### Given entries
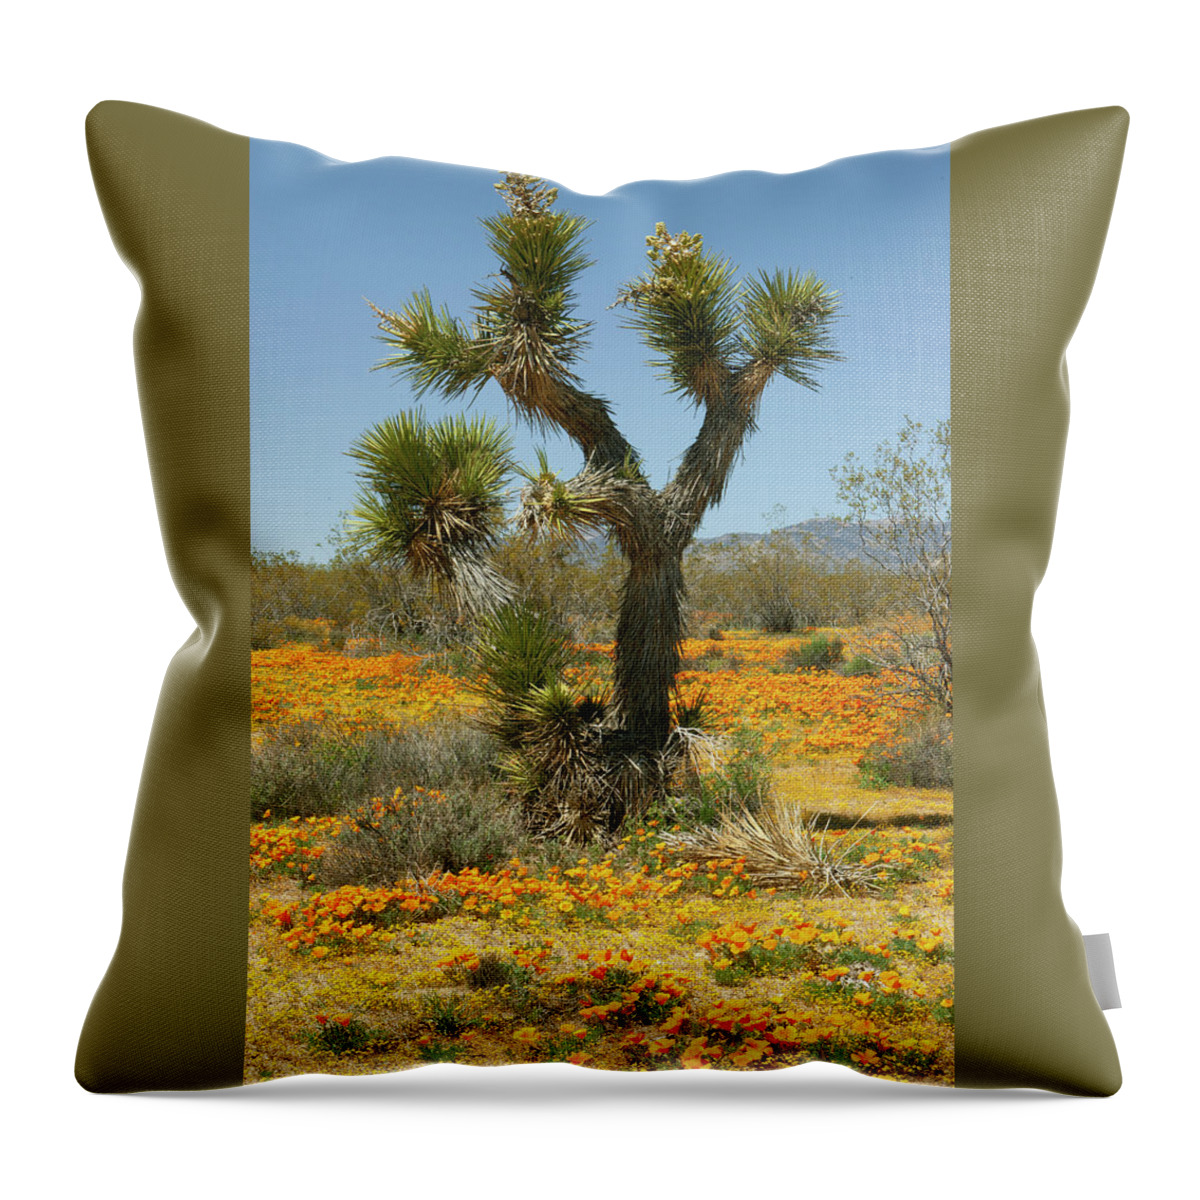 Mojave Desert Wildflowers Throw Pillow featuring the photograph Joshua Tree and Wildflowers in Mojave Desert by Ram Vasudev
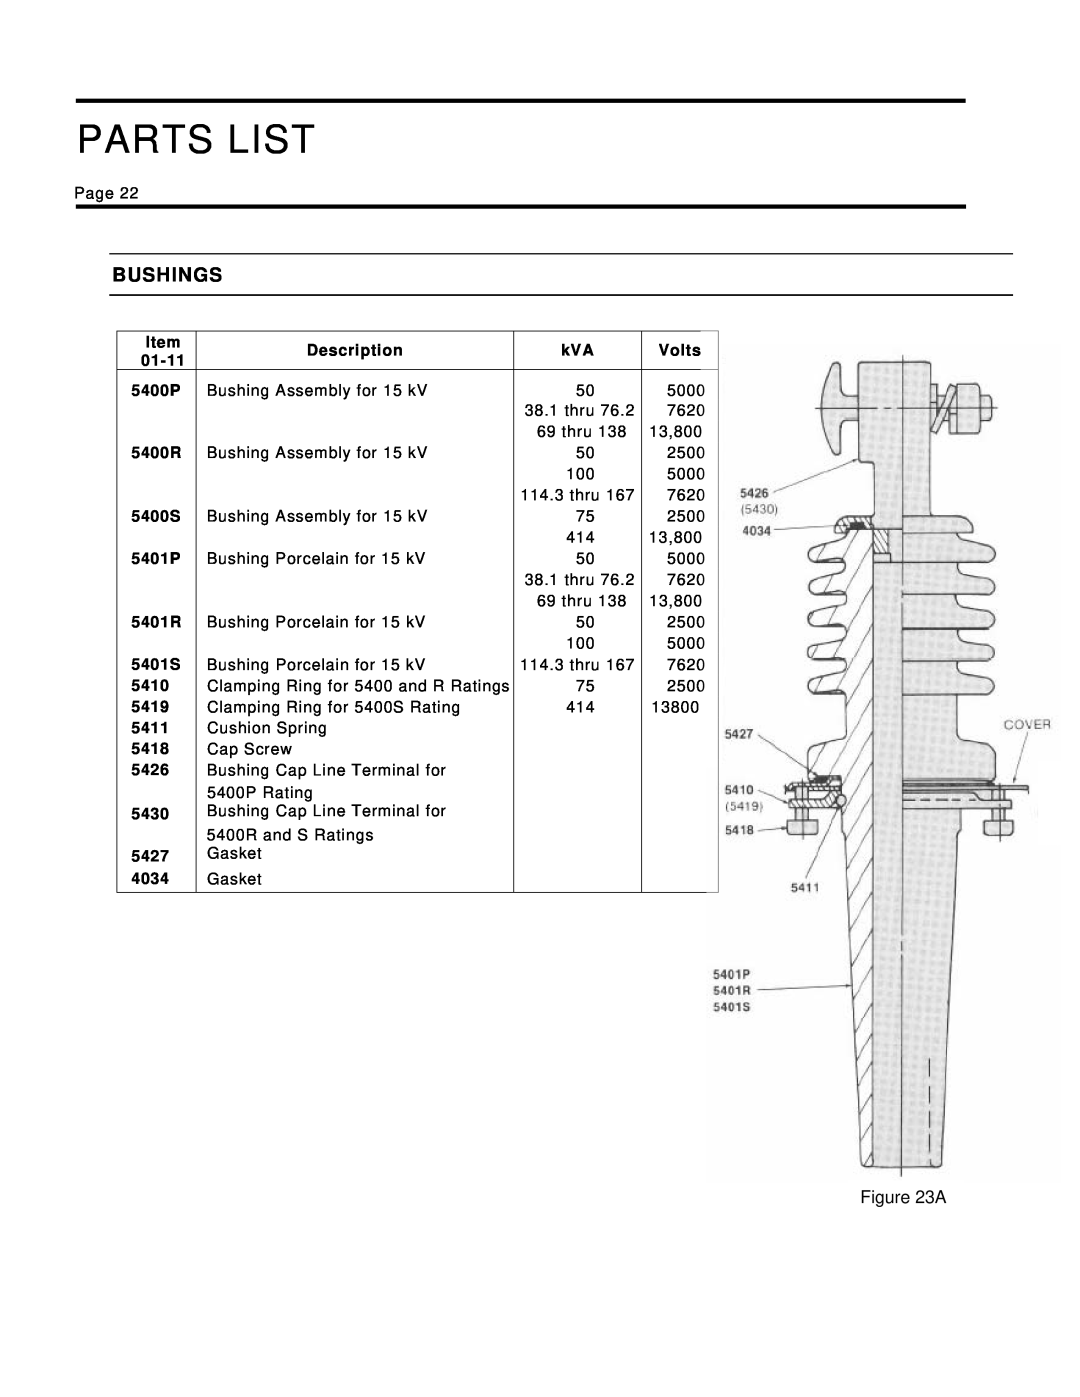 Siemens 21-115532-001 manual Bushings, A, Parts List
...
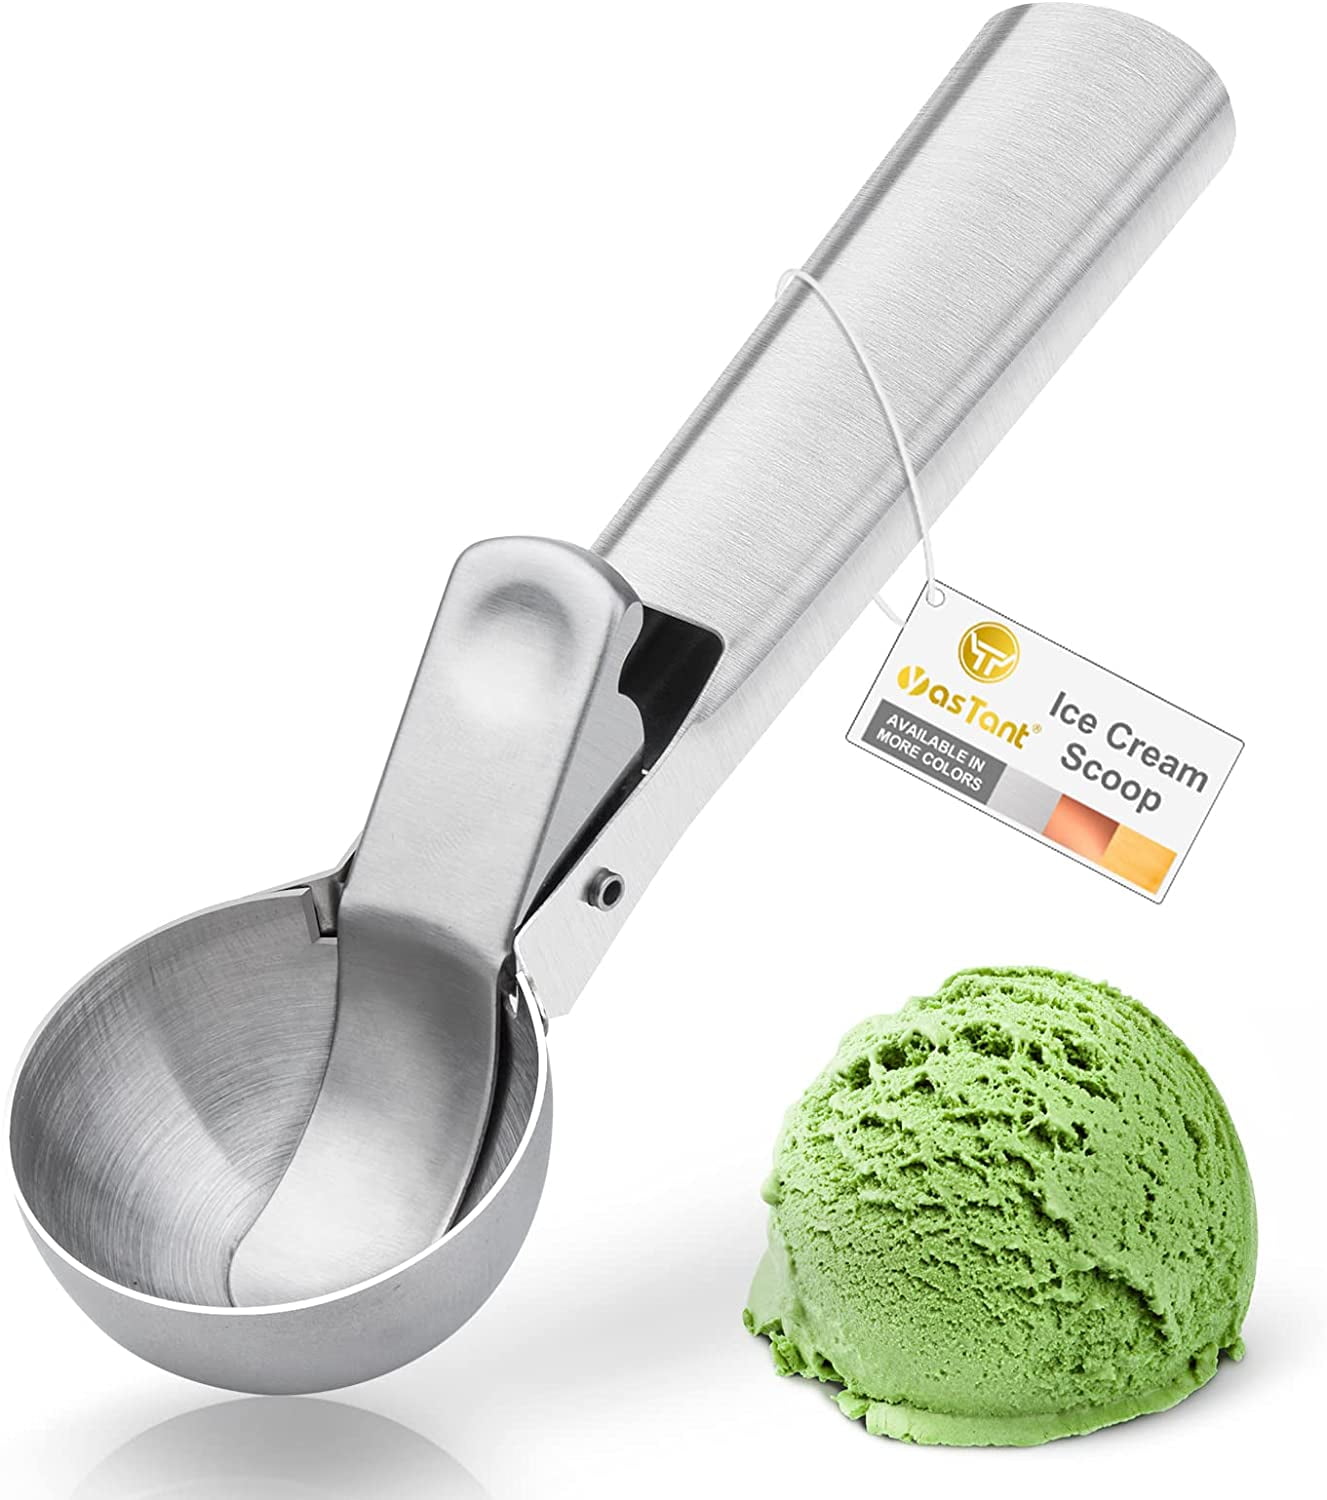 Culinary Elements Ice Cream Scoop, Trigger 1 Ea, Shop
==
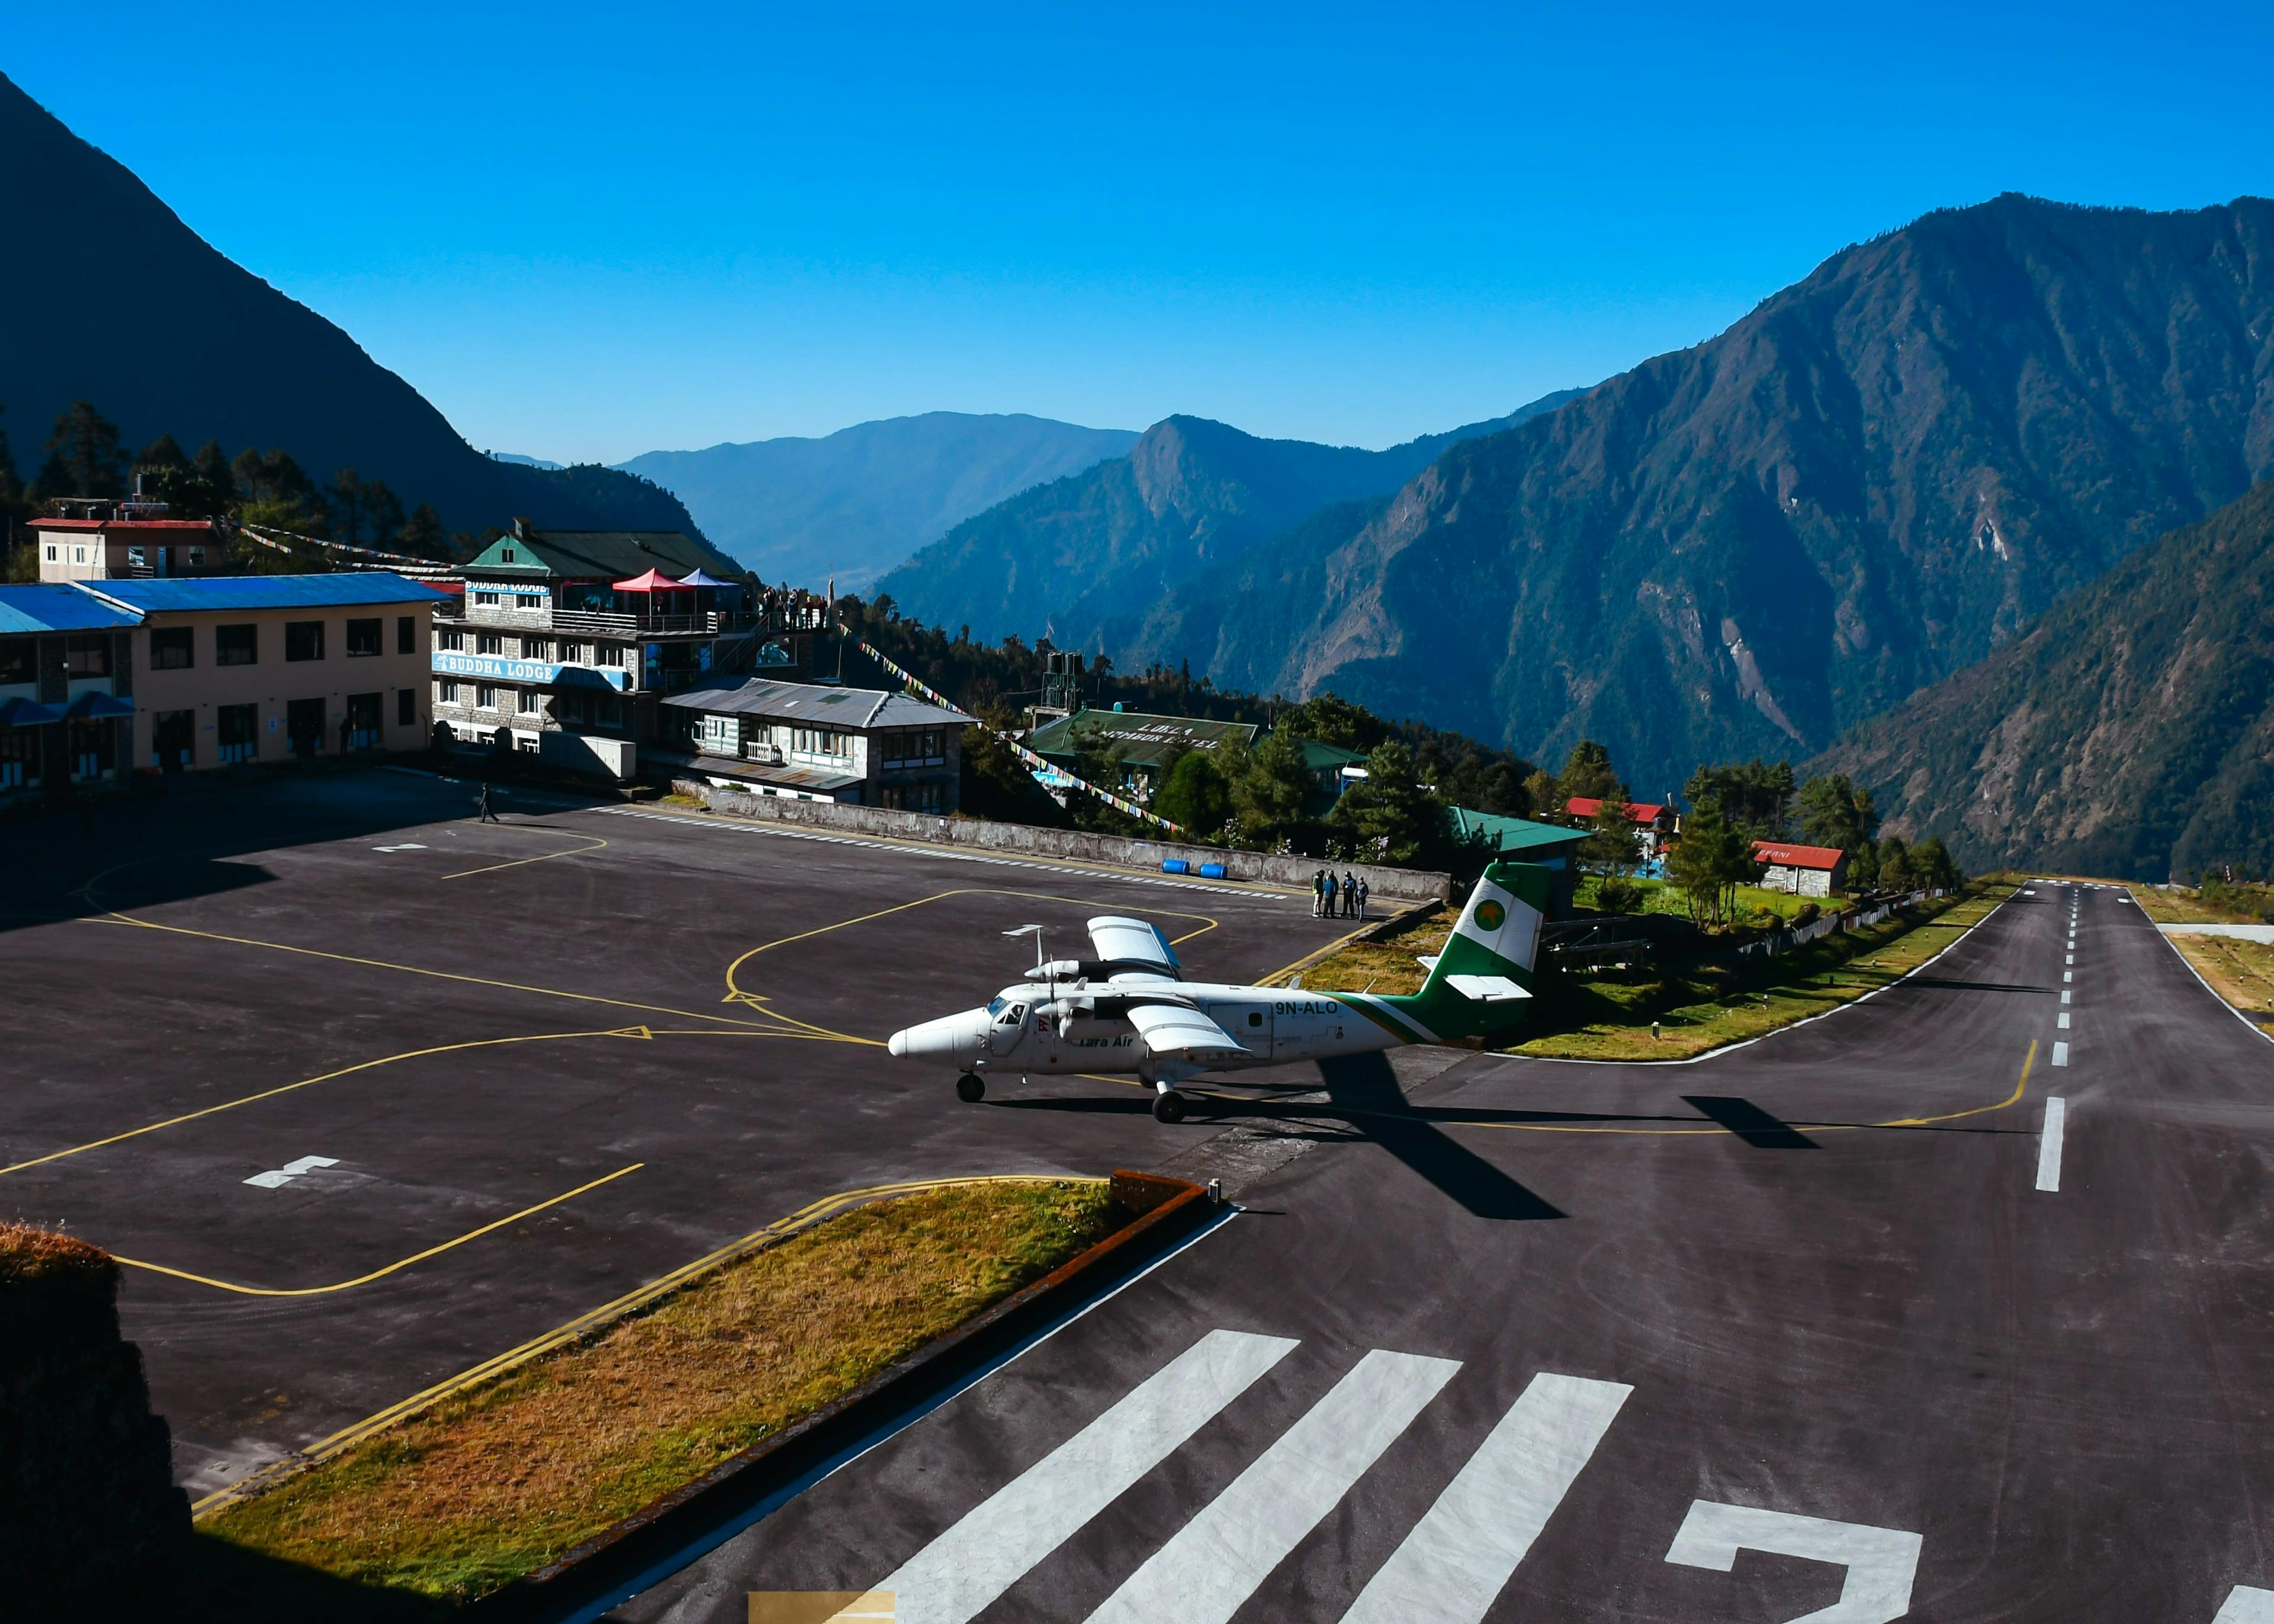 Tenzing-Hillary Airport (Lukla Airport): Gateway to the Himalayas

### Aim of the exercise
Look above for the line containing "Mojave Desert Wildflowers" and the line containing "Siemens 21-115532-001 manual", then reproduce both and everything between them exactly, pictures omitted.

### Final answer
 Mojave Desert Wildflowers Throw Pillow featuring the photograph Joshua Tree and Wildflowers in Mojave Desert by Ram Vasudev
 Siemens 21-115532-001 manual Bushings, A, Parts List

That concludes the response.